In the example above, an Oracle database-user named owf_user with a password of owf_password is used for a database named DEVDB1.

There are several different types of Oracle drivers (thin, OCI, kprb) and connection options (service, SID, TNSName) available. Please consult the Oracle DBA and Oracle’s JDBC documentation to create the connection most appropriate for the installed environment.

  1. To create the schema, run the \dbscripts\OraclePrefsInitialCreate.sql script, prior to starting OWF.

  2. Ensure that the transaction is committed.

Note: If running a production environment, no additional steps are necessary. However, if sample widgets are to be installed, OraclePrefsUpdate_v7.0.0.sql must be run prior to logging in. Logging in between the execution of these scripts can cause system failure.

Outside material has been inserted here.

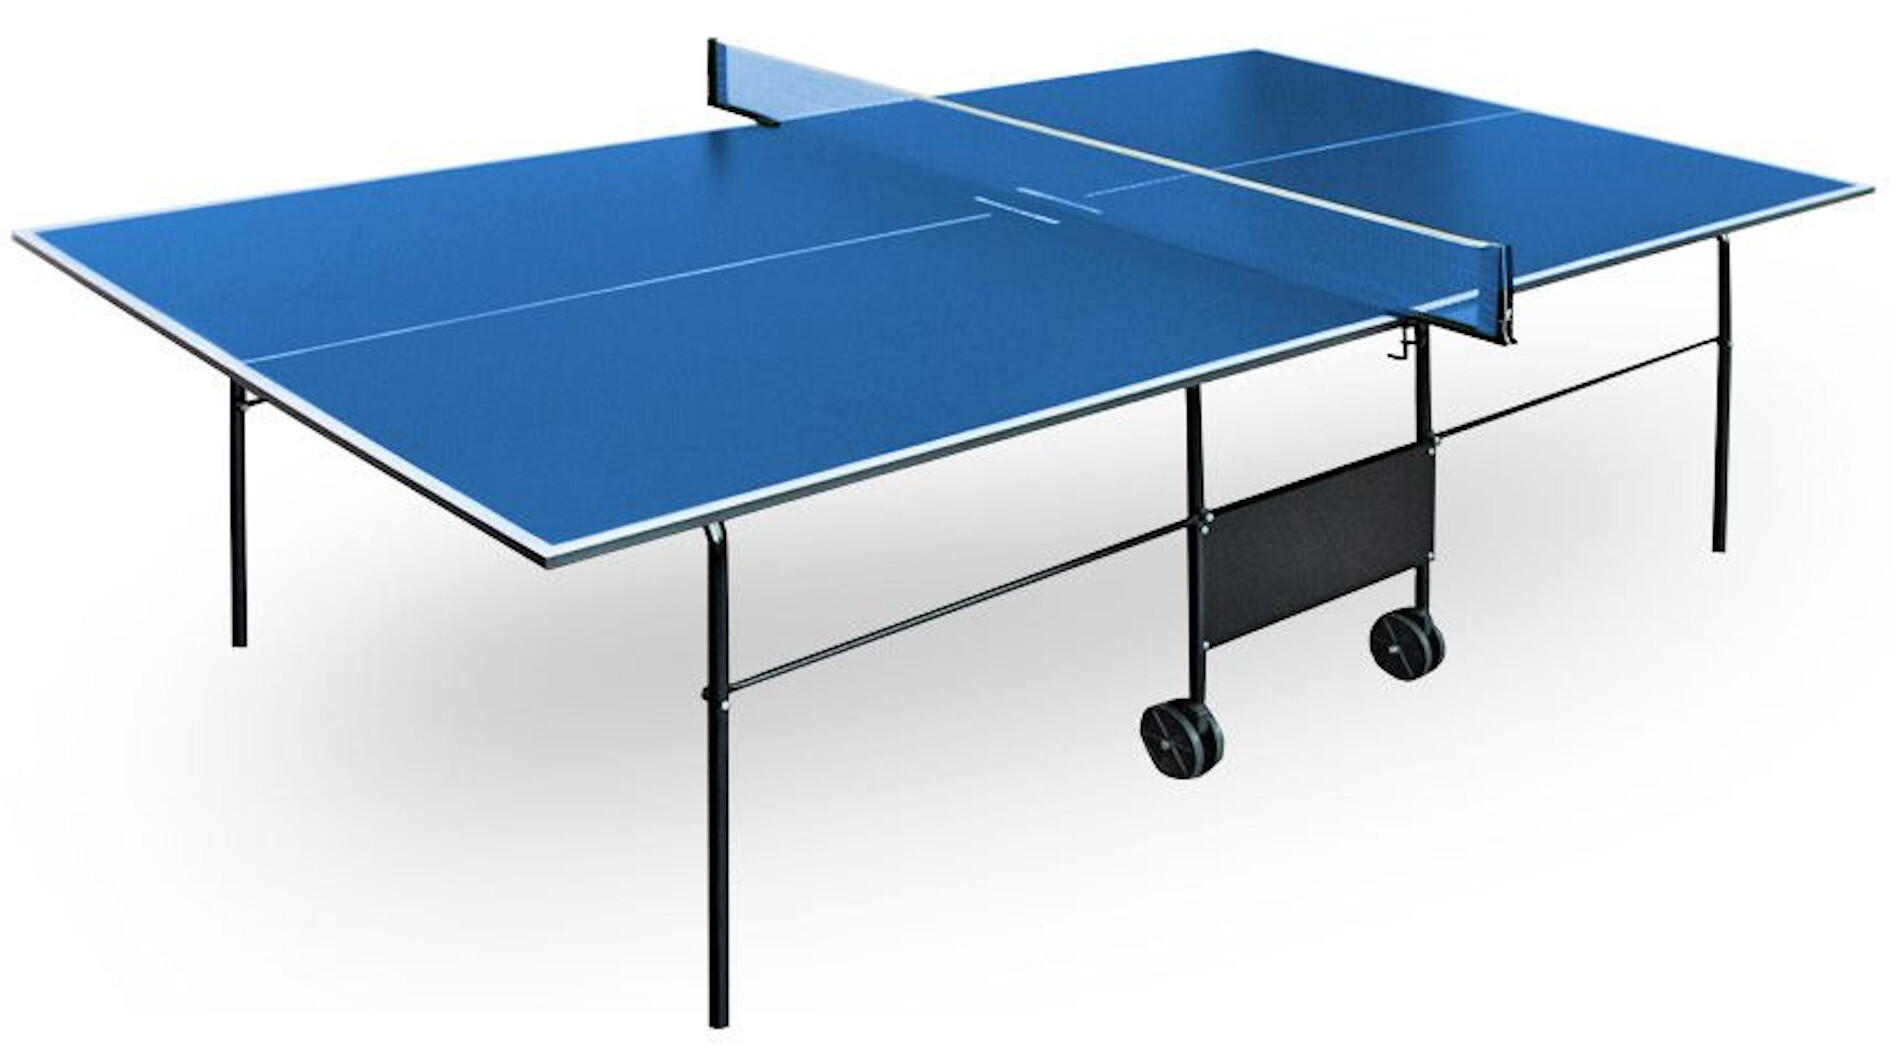 Старлайн теннисные столы. Теннисный стол всепогодный Standart New 2. Теннисный стол Cornilleau Hobby Mini. Теннисный стол Borneo Drive Blue. Стол теннисный Atemi Creber.

Note: The OWF team is aware of a known issue with the Oracle Web-based Admin Console returning truncated characters when dealing with large data sets. Accordingly, using SQLPlus to run the script mentioned above is recommended.

##Using MySQL

  • Create a schema within MySQL for use with OWF. It is recommended that there be a dedicated schema for OWF to avoid database object name collisions. The OWF team recommends using UTF-8 encoding.
  • Create a MySQL User with full access to the OWF schema created above.
  • OWF does not provide a JDBC driver for MySQL. Obtain the appropriate JDBC driver and place it into the Web server’s classpath. For example, if running Tomcat, the driver can be placed in the \apache-tomcat-7.0.21\lib directory.
  • Open the \apache-tomcat-7.0.21\lib\OwfConfig.groovy file and modify the environments → production → dataSource section using the values that are appropriate for the OWF environment.

For example:

    dataSource {
        pooled = true
        dbCreate = "none"
        driverClassName = "com.mysql.jdbc.Driver"
        url="jdbc:mysql://myhost.somewhere.org/owf"
        username = "owf_user"
        password = "owf_password"
        dialect = "org.hibernate.dialect.MySQL5InnoDBDialect"
        properties {
            minEvictableIdleTimeMillis = 180000
            timeBetweenEvictionRunsMillis = 180000
            numTestsPerEvictionRun = 3
            testOnBorrow = true
            testWhileIdle = true
            testOnReturn = true
            validationQuery = "SELECT 1"
        }
       }

In the example above, a MySQL database-user named owf_user with a password of owf_password is used, for a database named owf. The dialect org.hibernate.dialect.MySQL5InnoDBDialect will use the InnoDB engine which is recommended for interactive webapps and explicitly used as the engine on OWF create and upgrade scripts.

  • Create the schema by running the \dbscript\MySqlPrefsInitialCreate.sql script, prior to starting OWF.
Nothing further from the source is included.